▶ _REQUIREMENT_
Make an exact copy of the whole listing, but leave its pictures out.

▶ _SOURCE MATERIAL_

═══

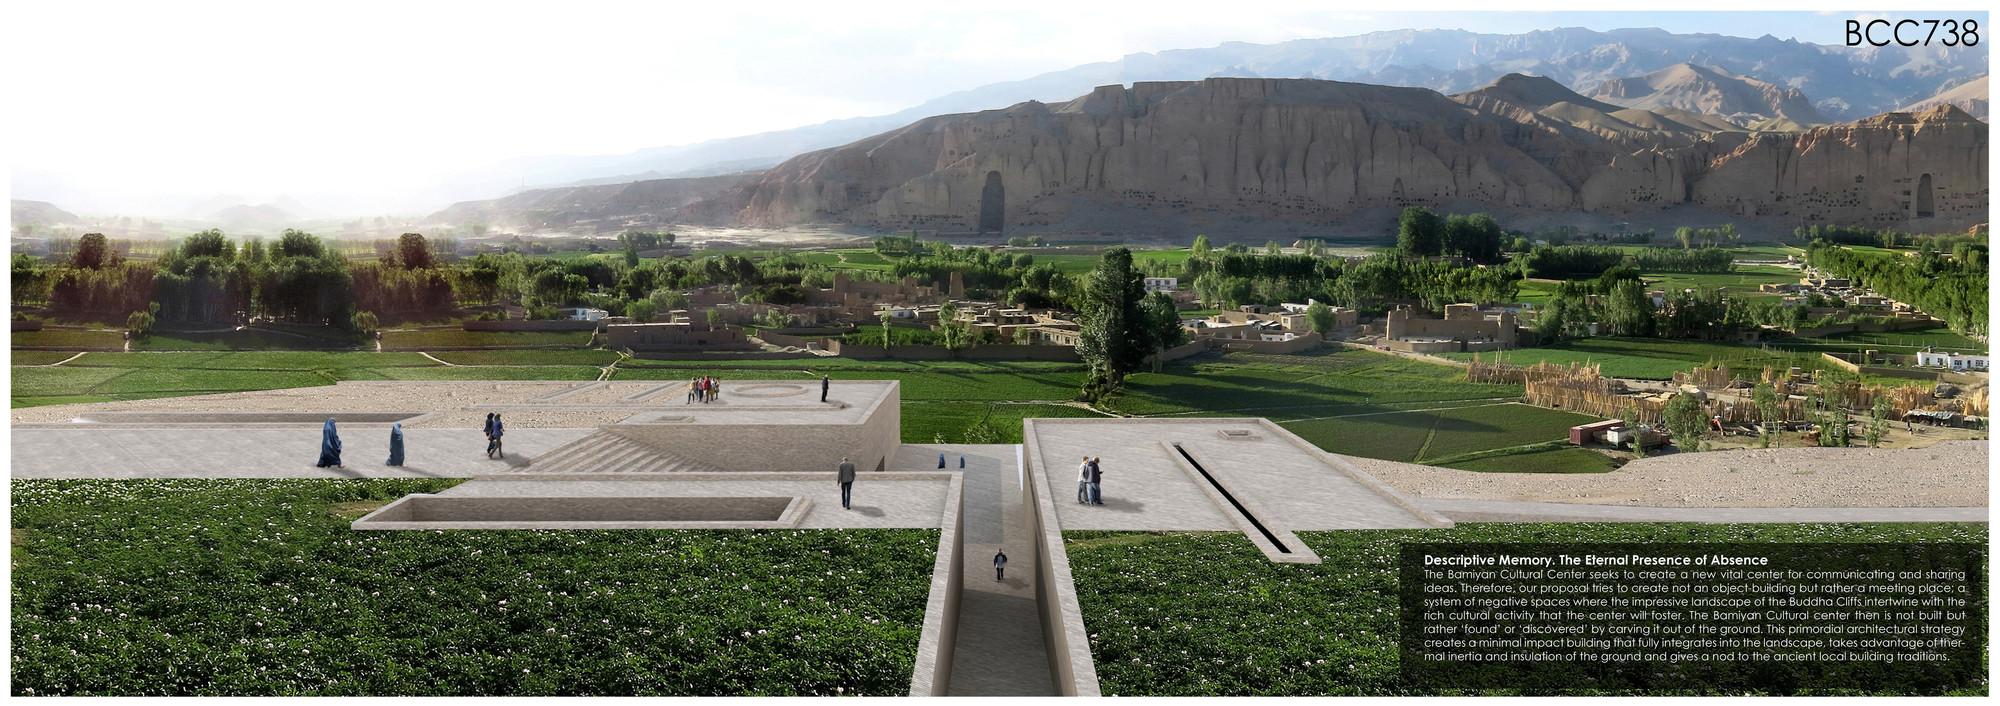 Arquitectos argentinos obtienen primer lugar en concurso UNESCO para diseñar centro cultural en Afganistán, Propuesta ganadora. Image Cortesia de UNESCO
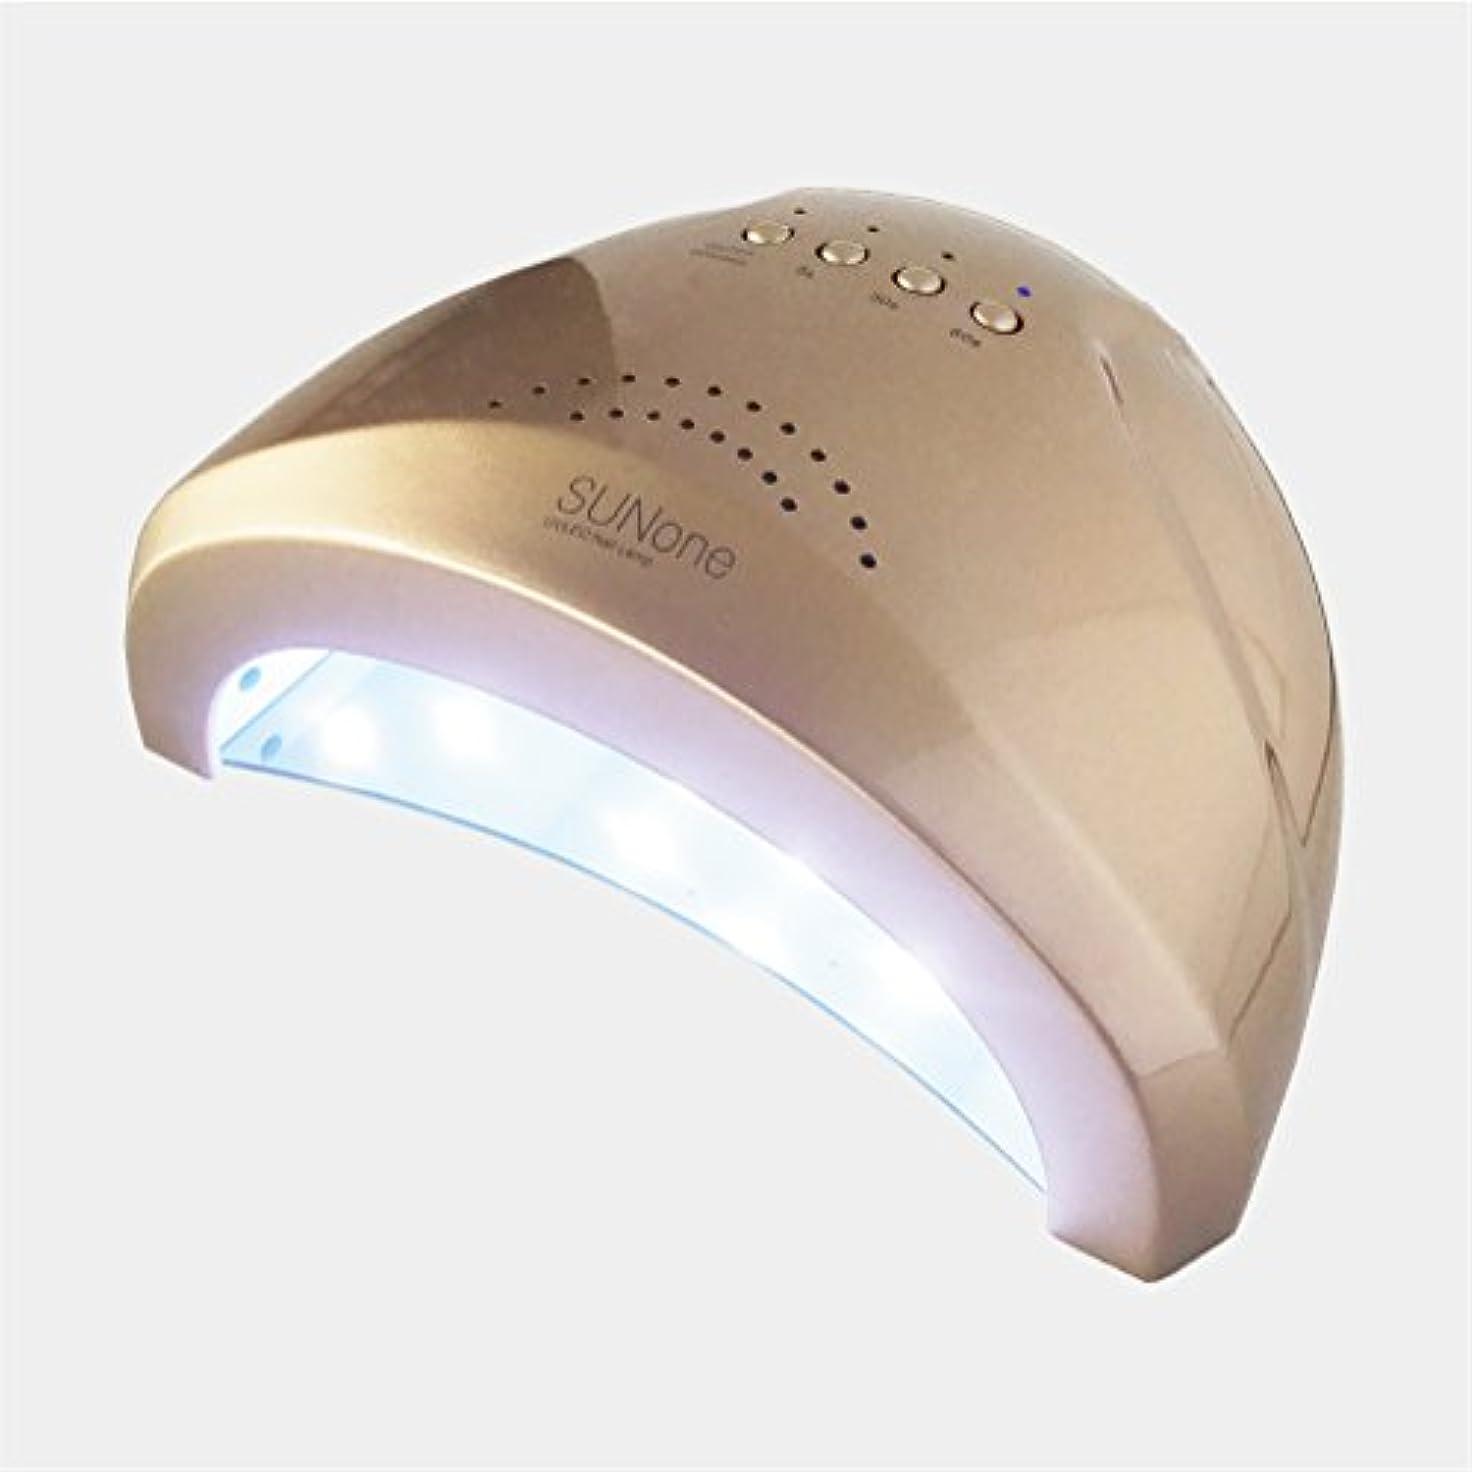 お手伝いさんインシュレータ電子レンジジェルネイル?クラフトレジン 48w UV/LEDライト 2in1 人感センサー付き ネイルドライヤー UV/LED兼用ライト 【保証付き】 カラー:ゴールド
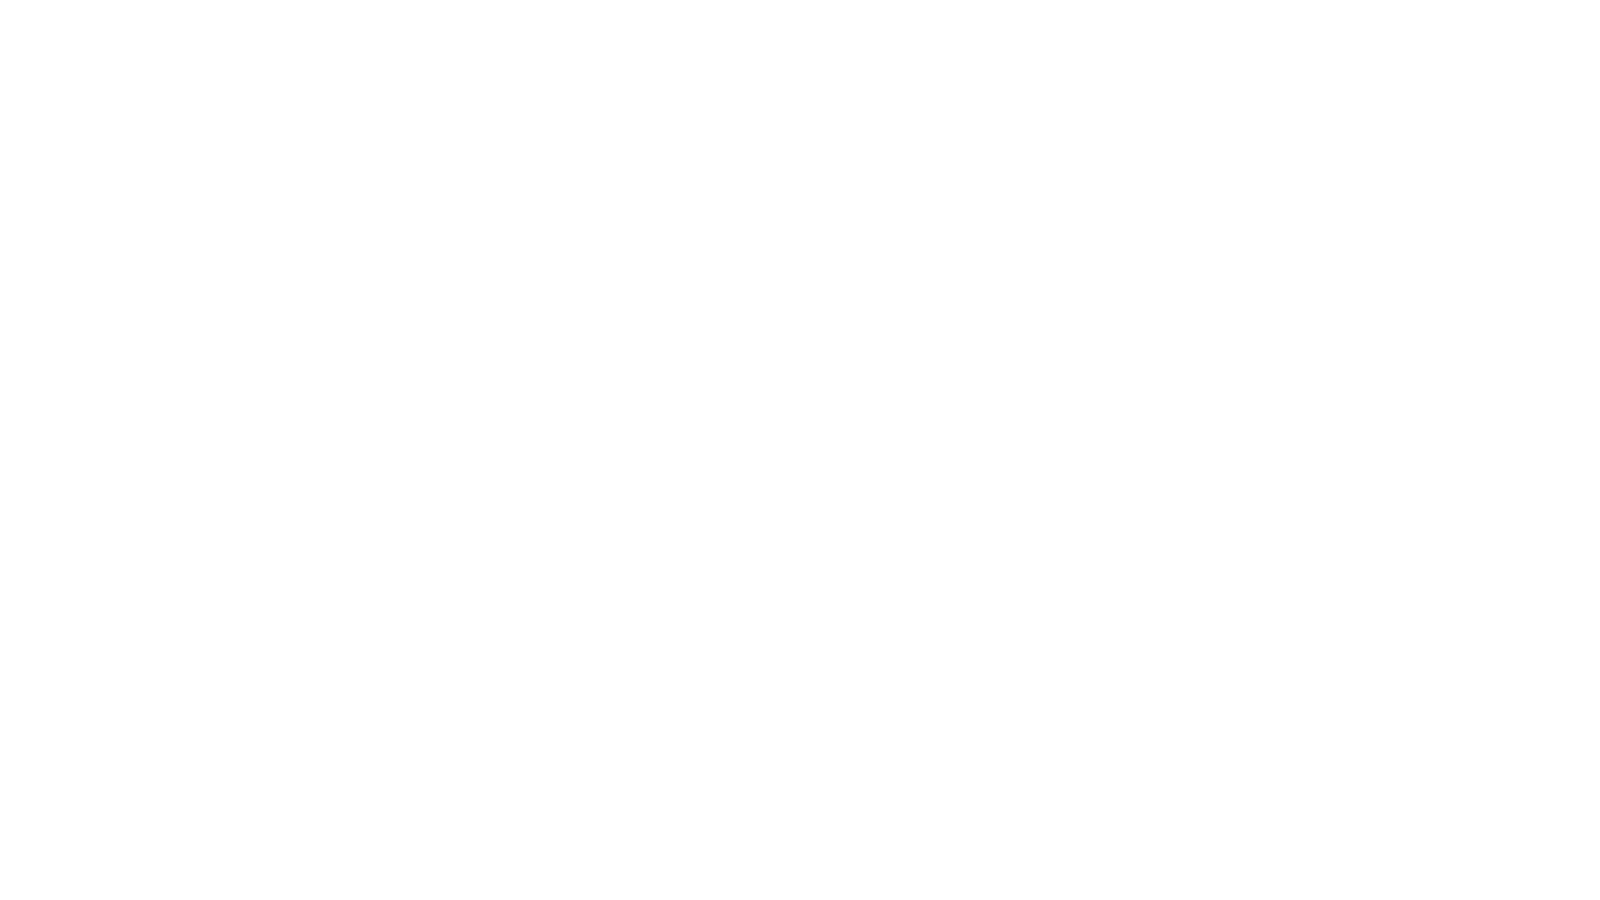 O acesso pleno ao território é uma das principais pautas dos Povos e Comunidades Tradicionais do Brasil.   A demarcação e titulação dos nossos territórios nos assegura autonomia, segurança e muitas outras políticas públicas de inclusão e dignidade.   Não nos possibilitar esses requisitos é, portanto, uma forma de segregação, exclusão e apagamento do nosso povo, por parte do Estado brasileiro.  Só de demanda quilombola pela titulação existe, atualmente no INCRA, mais de 1.700 processos abertos, muitos iniciados no ano de 2003.  Nesse mesmo período o orçamento destinado à titulação só diminuiu, tornando inviável a conclusão dos processos em andamento.  Quer saber mais sobre como os movimentos articulam a resistência dessa pauta?  Acompanhe, logo mais às 17h, a live: Terra e Território promovida pela CONAQ em parceria com o MST e a Rede Nacional de Comunidades Pantaneiras.  #Conaq25anos #Emdefesadoteritorioedavida #nenhumdireitoamenos

═══

▶ _RESULT FOR THIS EXERCISE_
 Arquitectos argentinos obtienen primer lugar en concurso UNESCO para diseñar centro cultural en Afganistán, Propuesta ganadora. Image Cortesia de UNESCO
 お手伝いさんインシュレータ電子レンジジェルネイル?クラフトレジン 48w UV/LEDライト 2in1 人感センサー付き ネイルドライヤー UV/LED兼用ライト 【保証付き】 カラー:ゴールド
 O acesso pleno ao território é uma das principais pautas dos Povos e Comunidades Tradicionais do Brasil.   A demarcação e titulação dos nossos territórios nos assegura autonomia, segurança e muitas outras políticas públicas de inclusão e dignidade.   Não nos possibilitar esses requisitos é, portanto, uma forma de segregação, exclusão e apagamento do nosso povo, por parte do Estado brasileiro.  Só de demanda quilombola pela titulação existe, atualmente no INCRA, mais de 1.700 processos abertos, muitos iniciados no ano de 2003.  Nesse mesmo período o orçamento destinado à titulação só diminuiu, tornando inviável a conclusão dos processos em andamento.  Quer saber mais sobre como os movimentos articulam a resistência dessa pauta?  Acompanhe, logo mais às 17h, a live: Terra e Território promovida pela CONAQ em parceria com o MST e a Rede Nacional de Comunidades Pantaneiras.  #Conaq25anos #Emdefesadoteritorioedavida #nenhumdireitoamenos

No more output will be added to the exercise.